Source data section start
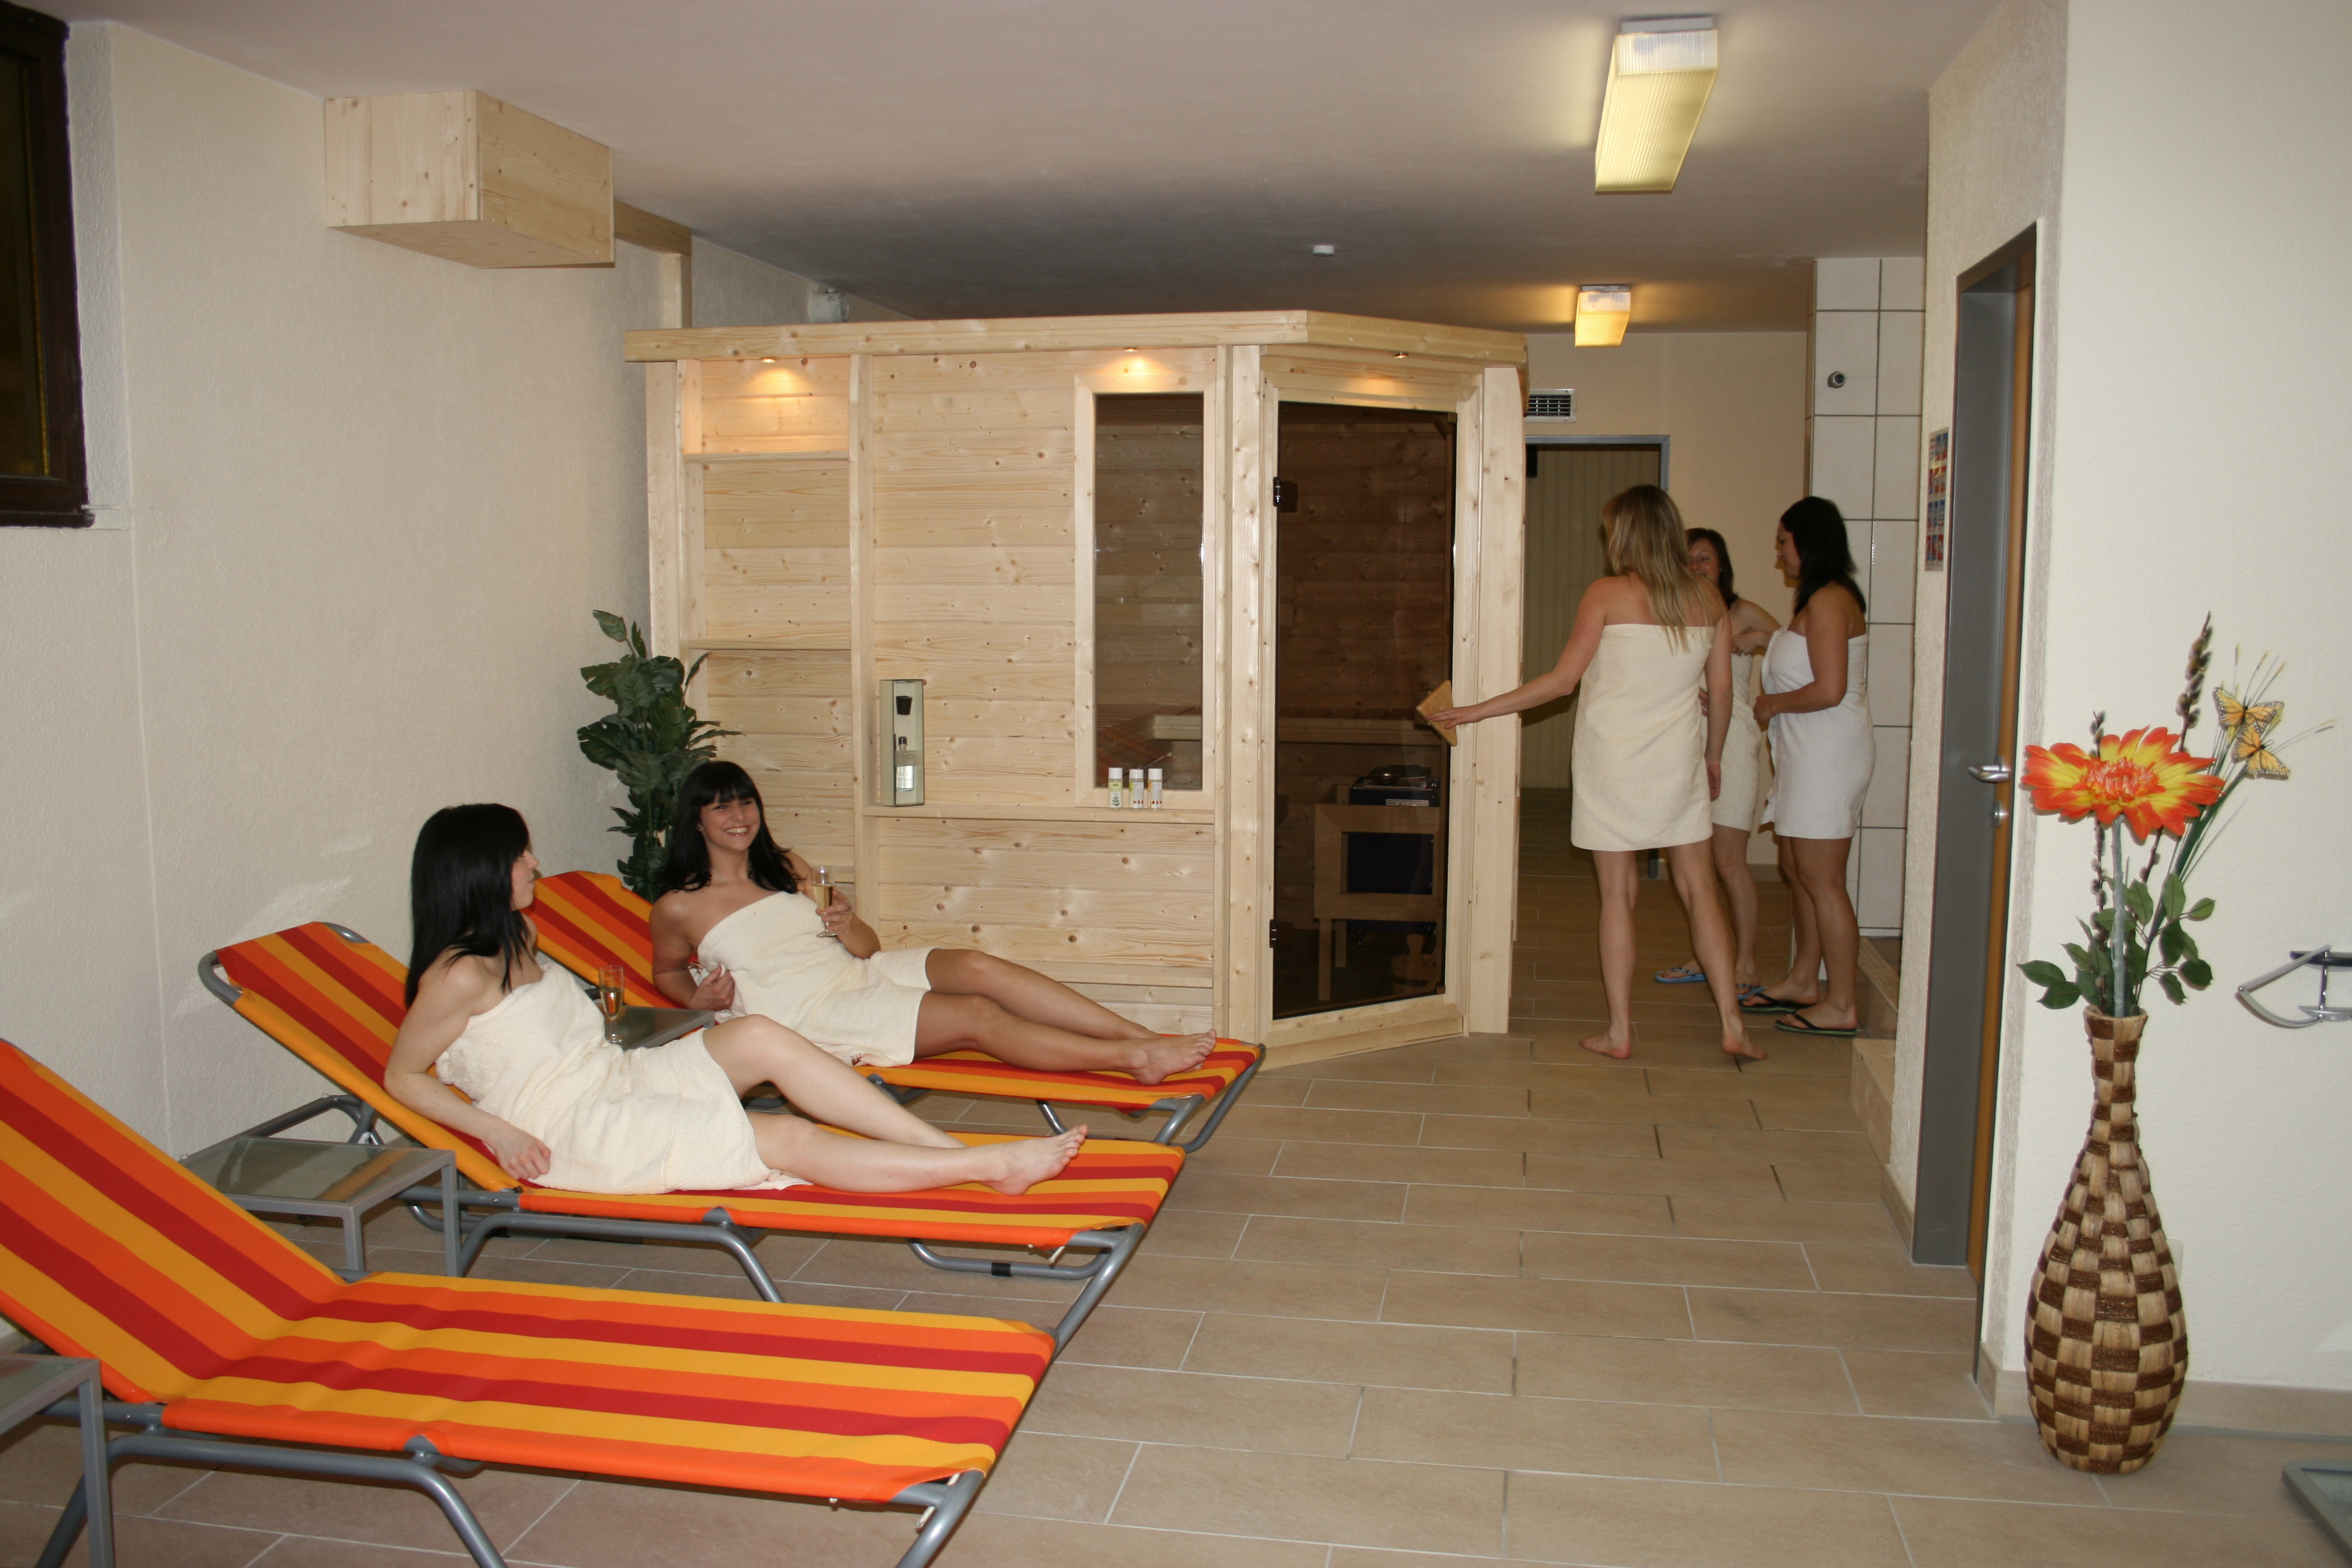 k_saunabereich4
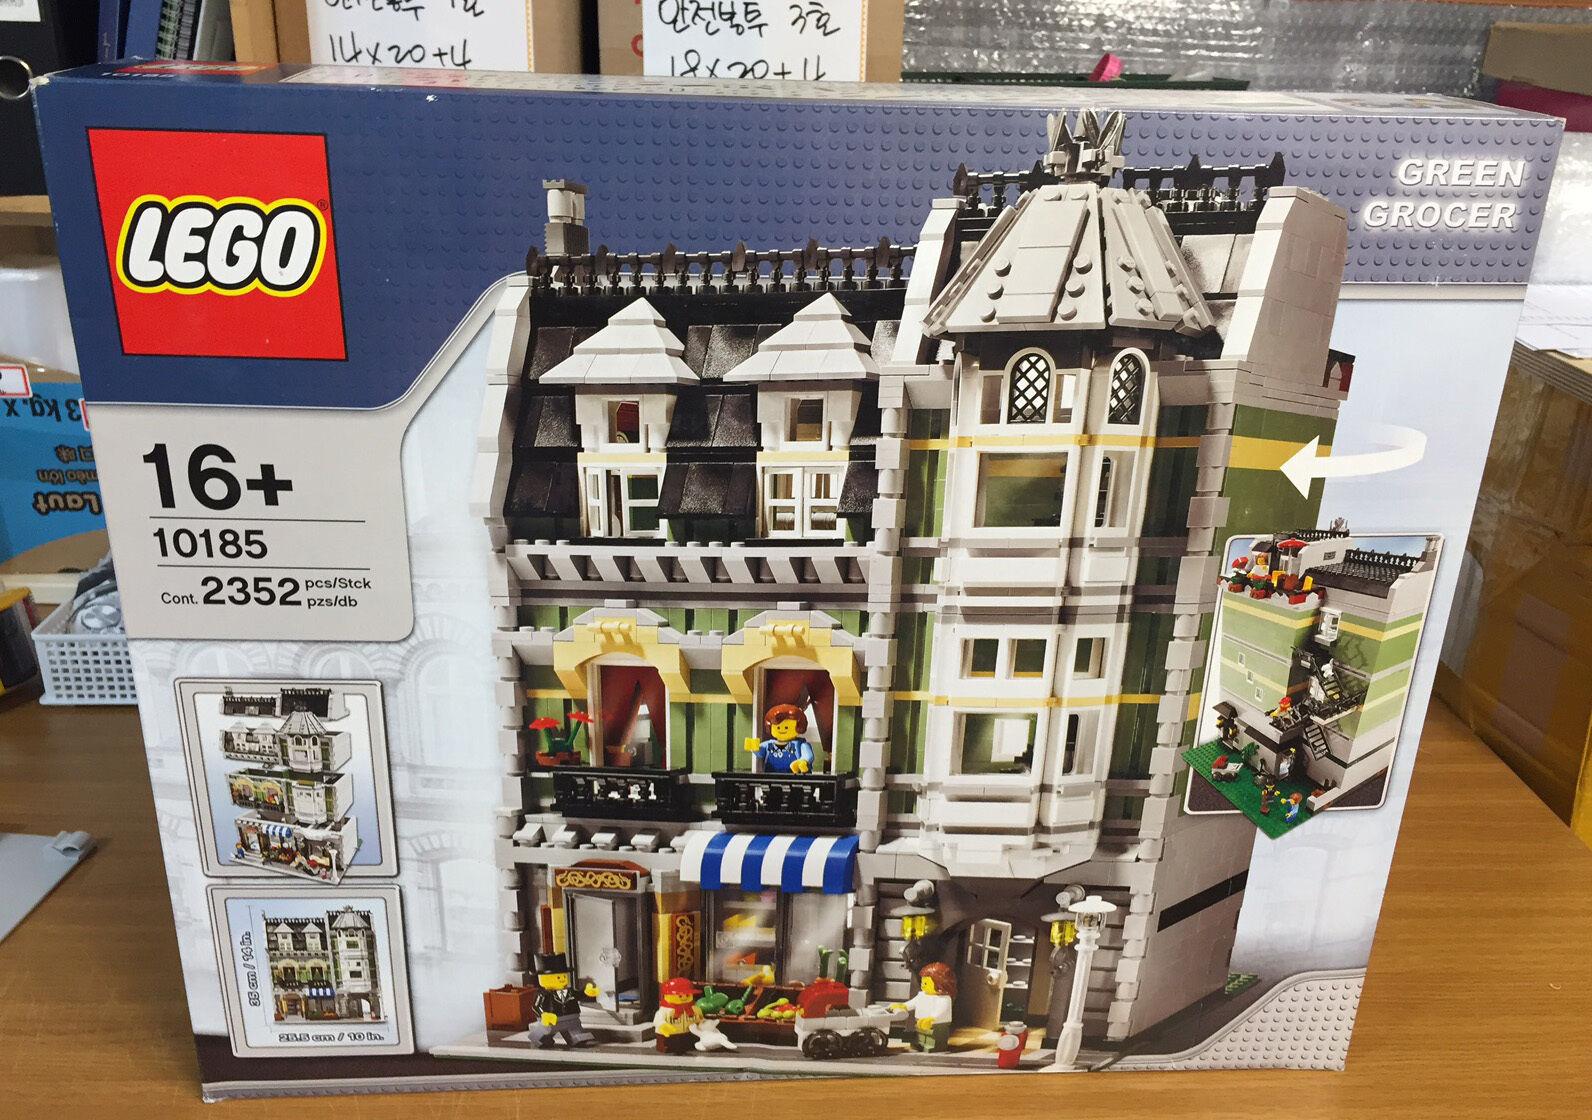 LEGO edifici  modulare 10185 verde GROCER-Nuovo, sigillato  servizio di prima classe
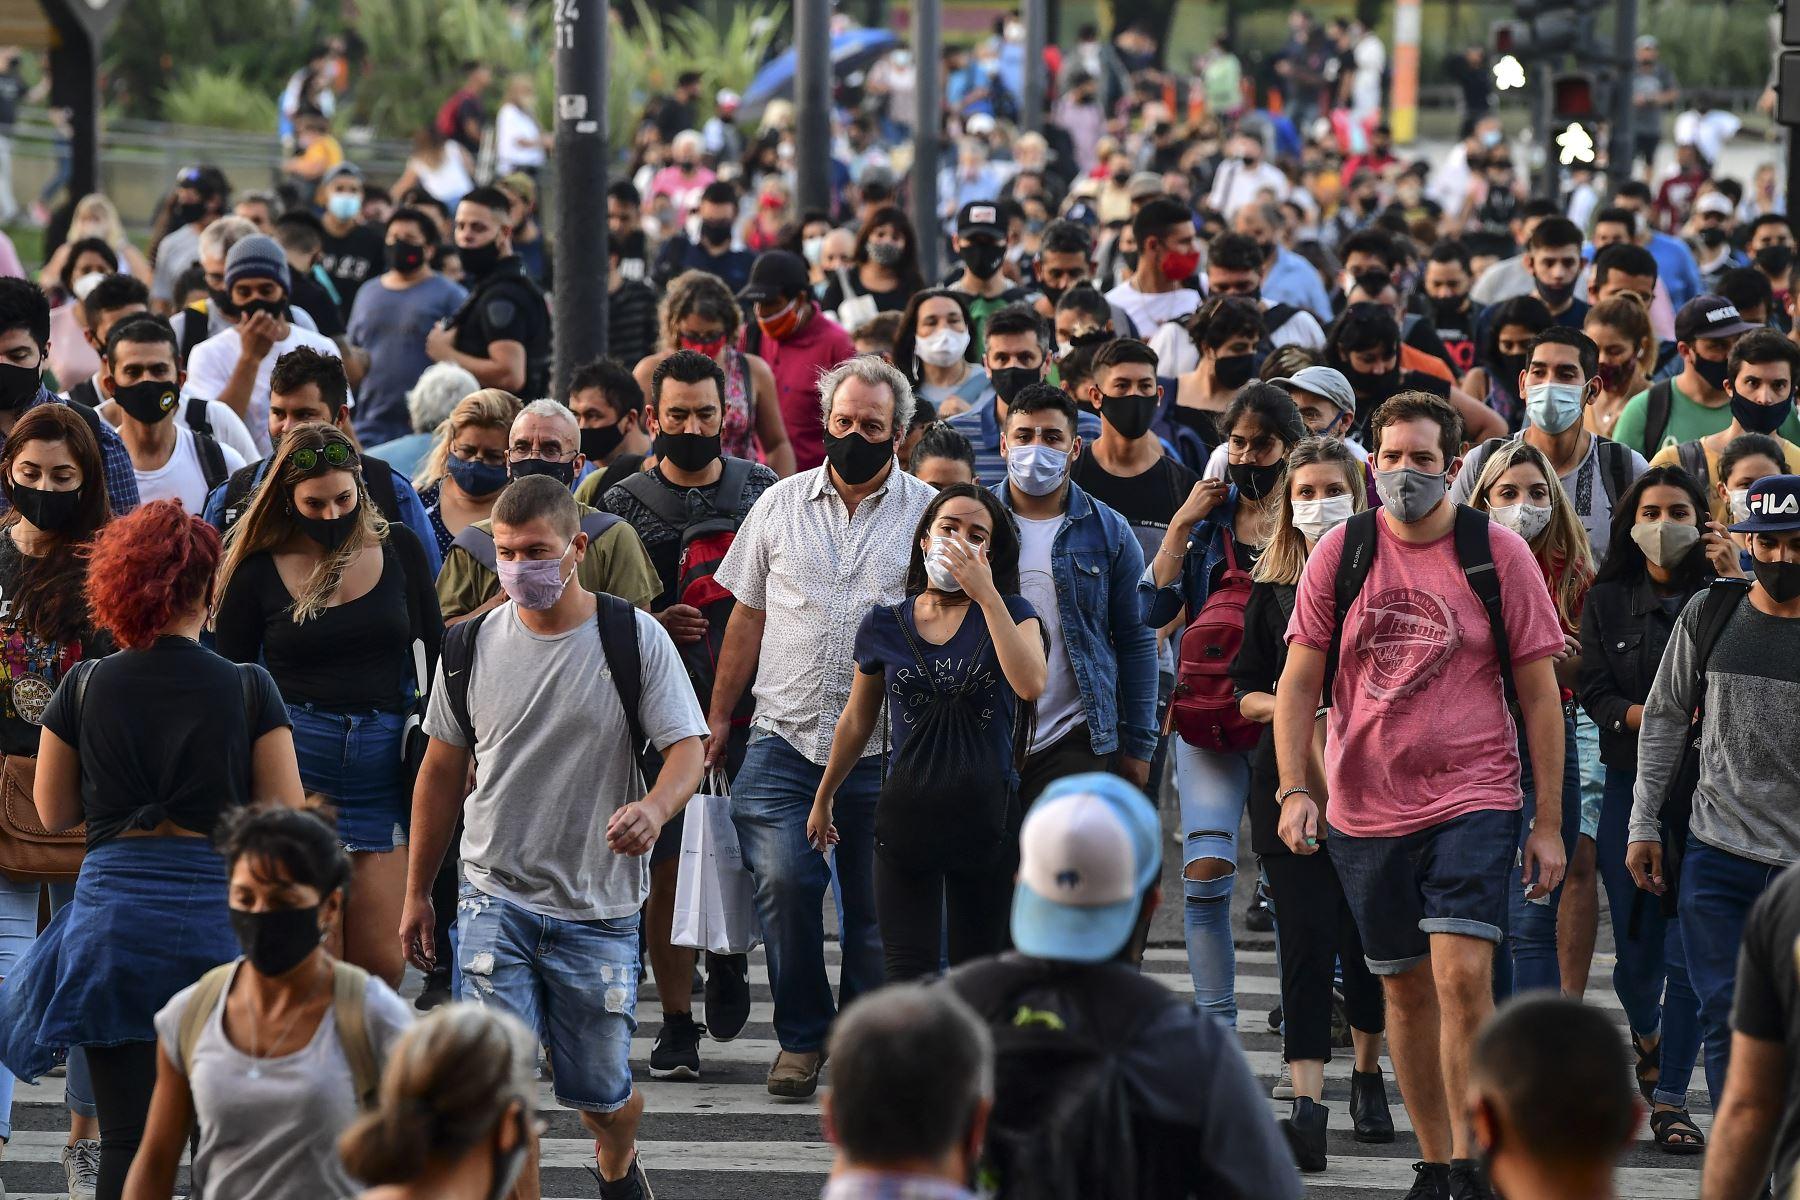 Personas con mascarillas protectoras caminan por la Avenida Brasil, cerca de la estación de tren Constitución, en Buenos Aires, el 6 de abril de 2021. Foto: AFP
Source data section end
What this task involves - Return the material above exactly; the images stay out.

Task result -
 k_saunabereich4
 LEGO edifici  modulare 10185 verde GROCER-Nuovo, sigillato  servizio di prima classe
 Personas con mascarillas protectoras caminan por la Avenida Brasil, cerca de la estación de tren Constitución, en Buenos Aires, el 6 de abril de 2021. Foto: AFP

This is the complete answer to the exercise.